Namaste! I am in India on a Fulbright scholarship with my son, Oliver, who was six months old as of September when this blog was started. My research is about the connections between food security and gender, women's status and agricultural modernization.

Wednesday, November 24, 2010

Diwali

Diwali is the biggest Indian holiday and it’s a lot like Christmas in the US.  People put lights on their homes, give gifts, and hold a special prayer service the night of Diwali, which ends with lighting little clay lanterns around the house.  The traditional purpose is to attract Laxshmi, the goddess of wealth, to your home.   Fireworks are a huge part of the event as well; there don’t seem to be any laws regulative fireworks, or if there are, they’re not followed.  For about a week beforehand, people were lighting off fireworks and insanely loud firecrackers in the streets.  The night of Diwali, it was like a war zone with explosions going off everywhere on the ground and in the sky, and the air was heavy with smoke.

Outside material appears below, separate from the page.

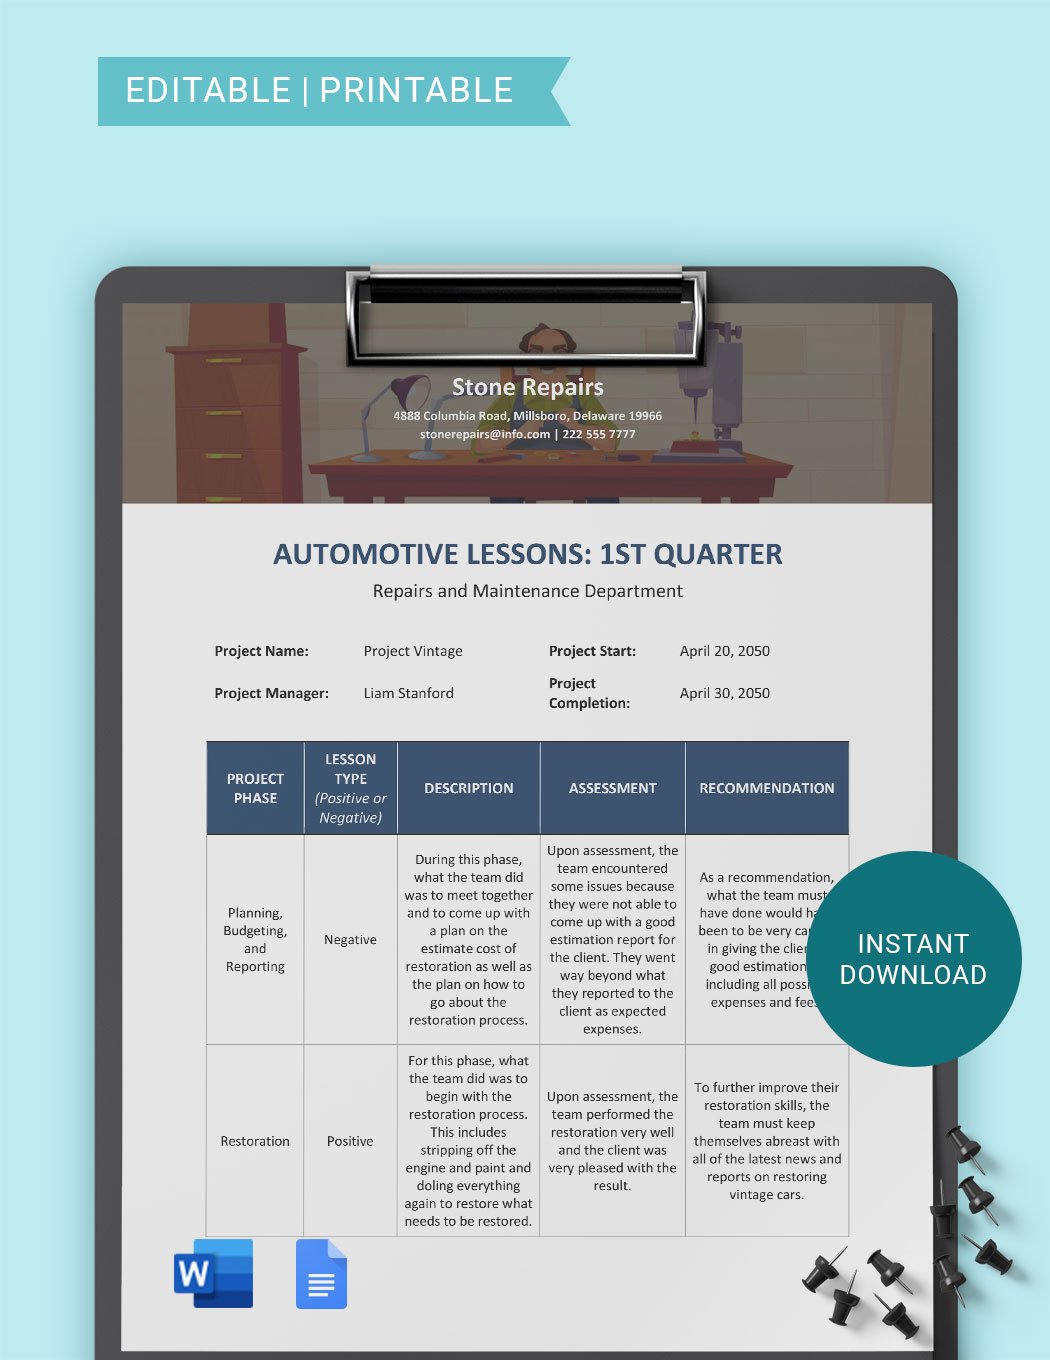 Automotive Lessons Learned Template in Word, Google Docs

Our friend Devika invited us to her family’s home for Diwali, and to her friends’ place for a card party the night before.  We found out that “coming over for dinner” is different here…whereas in the US eating is one of the first things you do if you have a party that includes dinner, here it is generally the last thing on the agenda.  The night of the card party, we arrived around 9:00 but food was ordered around 10 and didn’t arrive until about an hour later, and even then most people didn’t help themselves to food until 2 am (I had gone to sleep with Oliver by that time and we didn’t come home until 4!).  The night of Diwali (Nov. 5), dinner wasn’t served until nearly 11pm and only then because we mentioned that it was late and that we needed to leave early the next morning to catch a bus. 

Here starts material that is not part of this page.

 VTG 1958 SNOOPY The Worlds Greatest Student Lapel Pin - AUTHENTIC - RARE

Other than the hunger, Diwali was a very neat experience.  Each family blesses their home with a prayer and offering.  We took our turn pouring puffed rice and sugar wafers into a bowl on the family’s altar.  Devika’s dad smeared saffron rice on everybody’s forehead, including Oliver’s.  Then he lit the main lantern on the altar, and everybody went around the house lighting the rest.  There were probably near 100 lanterns both inside and outside of their house.  The entry was decorated with paints and marigold petals.  Just like Christmas in the US, some families are very formal and some are not.  Devika’s family isn’t very formal, but it was fun to dress up anyway.  I wore my sari and Oliver wore a traditional kurta and funny pants (I forget what they are called.)